Copy out the data exactly, leaving the pictures behind.

RECORDED INFORMATION: Begin

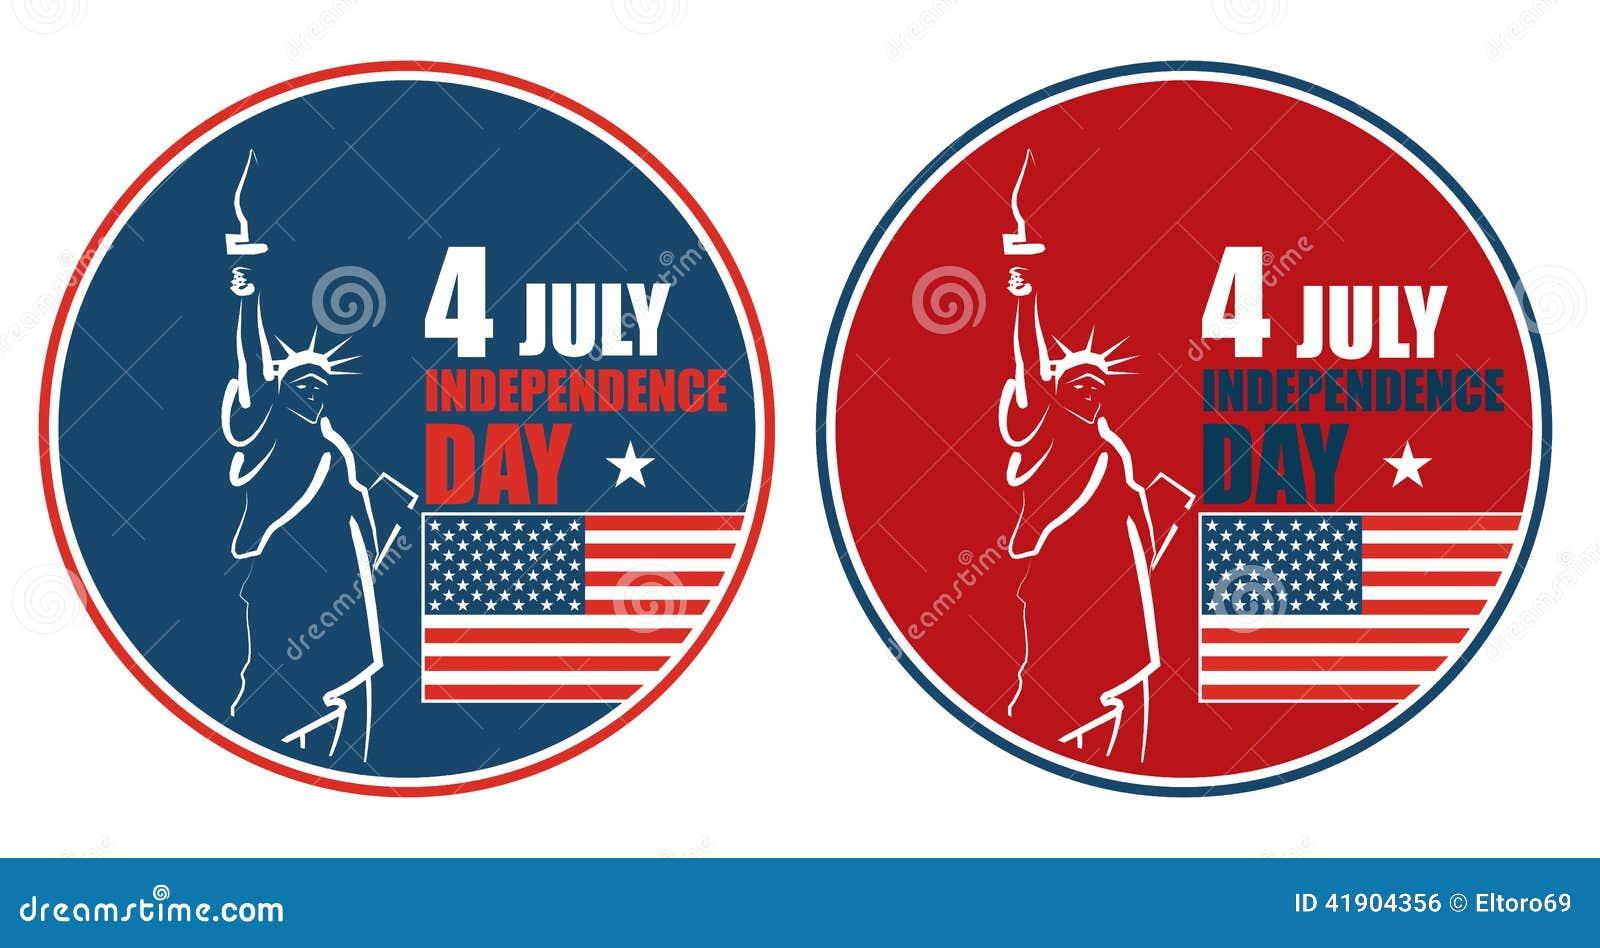 4to del Día de la Independencia americano de julio, ejemplo abstracto
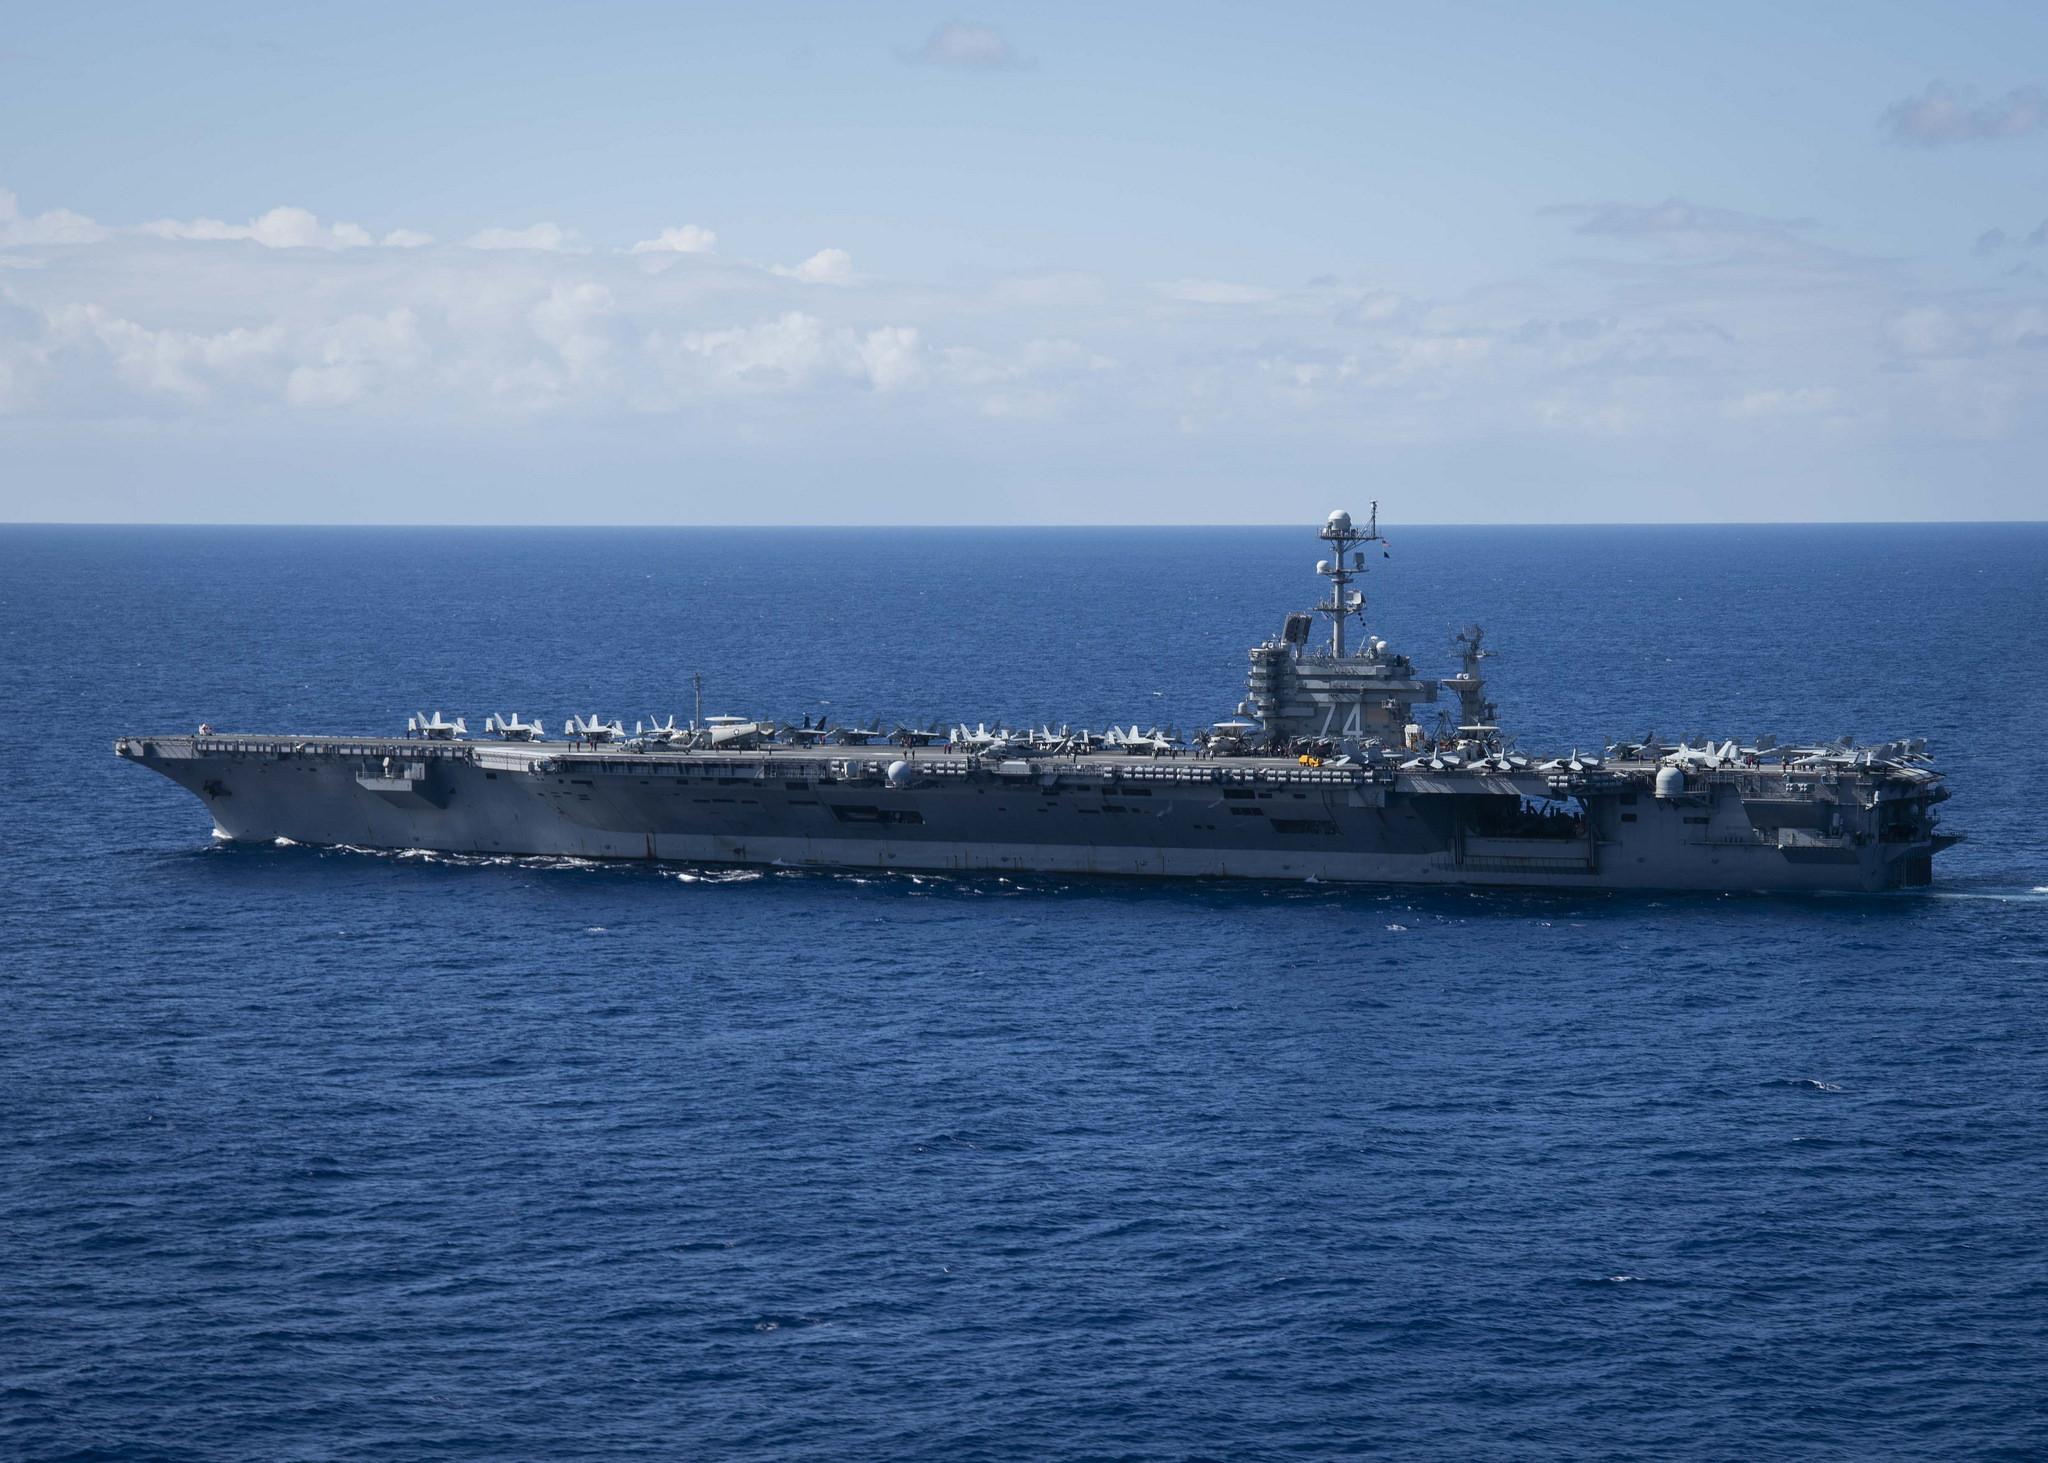 敏感时机美军双航母再聚西太 可组三航母战斗群
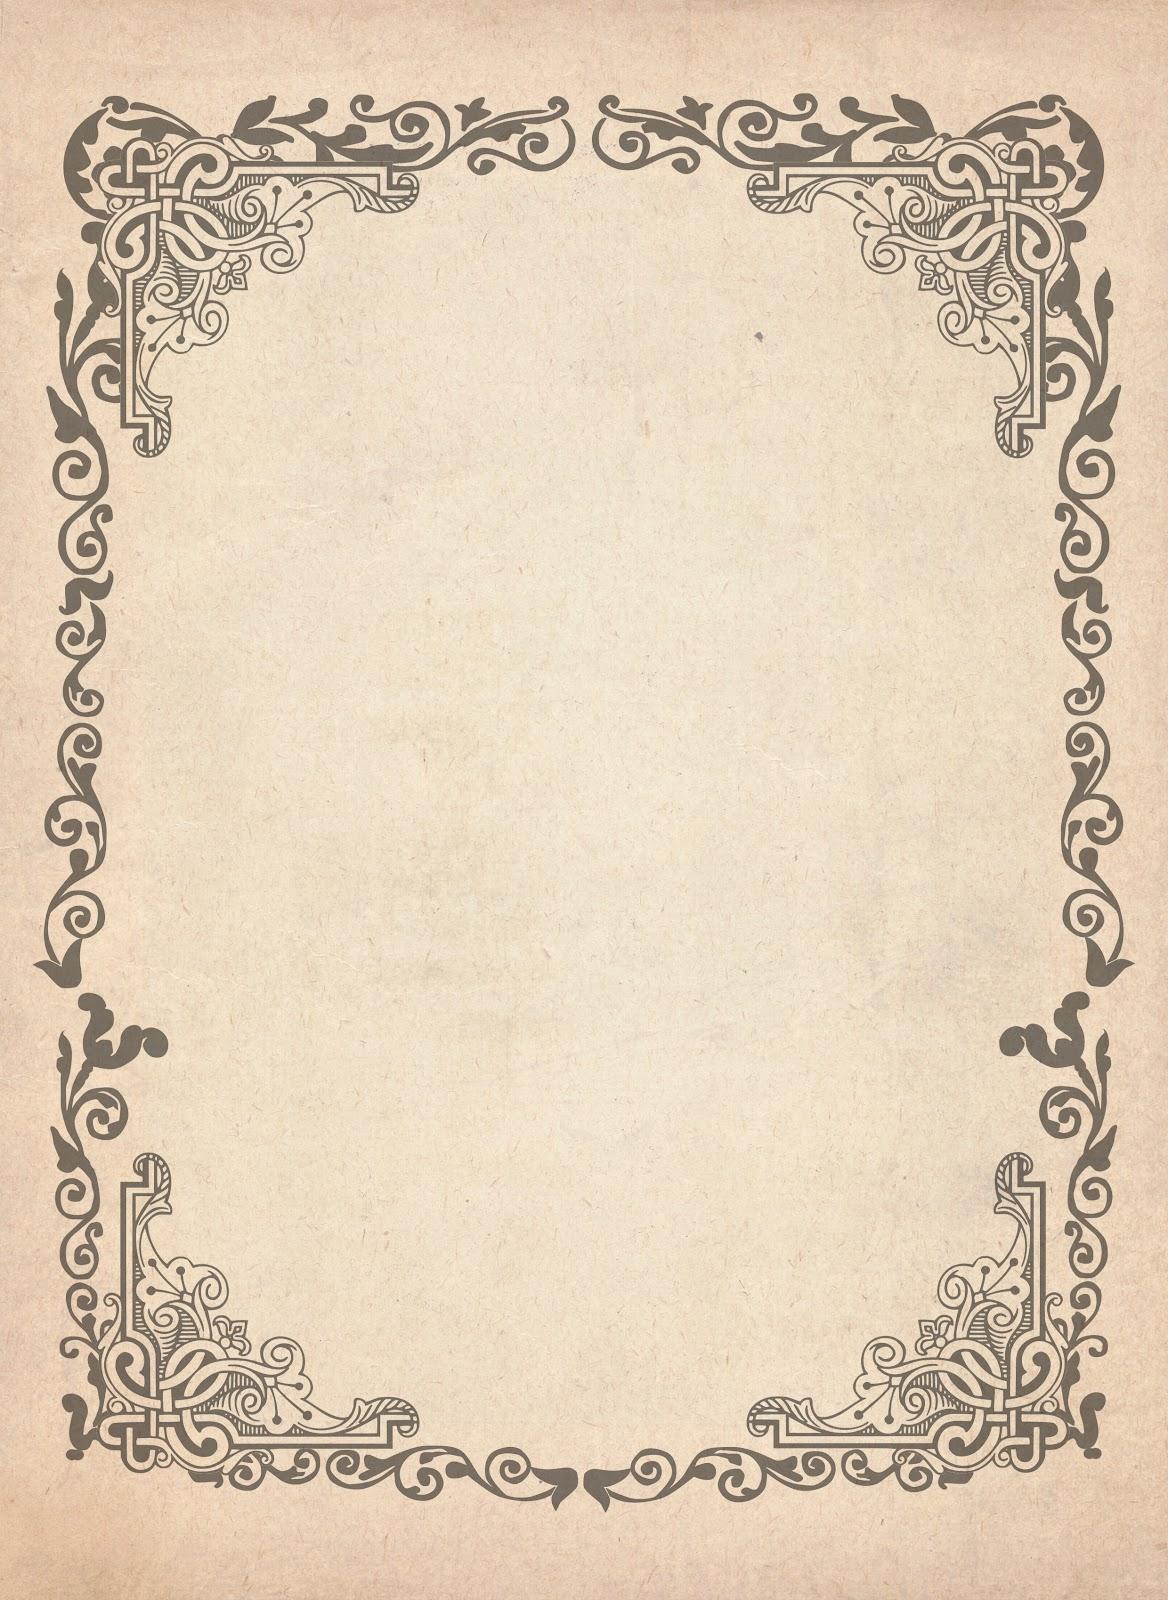 Vintage Book Cover Invitations : Emprendimientos de hoy fondos o papeles vintage para

RECORDED INFORMATION: End

▶ _OUTPUT_:
 4to del Día de la Independencia americano de julio, ejemplo abstracto
 敏感时机美军双航母再聚西太 可组三航母战斗群
 Vintage Book Cover Invitations : Emprendimientos de hoy fondos o papeles vintage para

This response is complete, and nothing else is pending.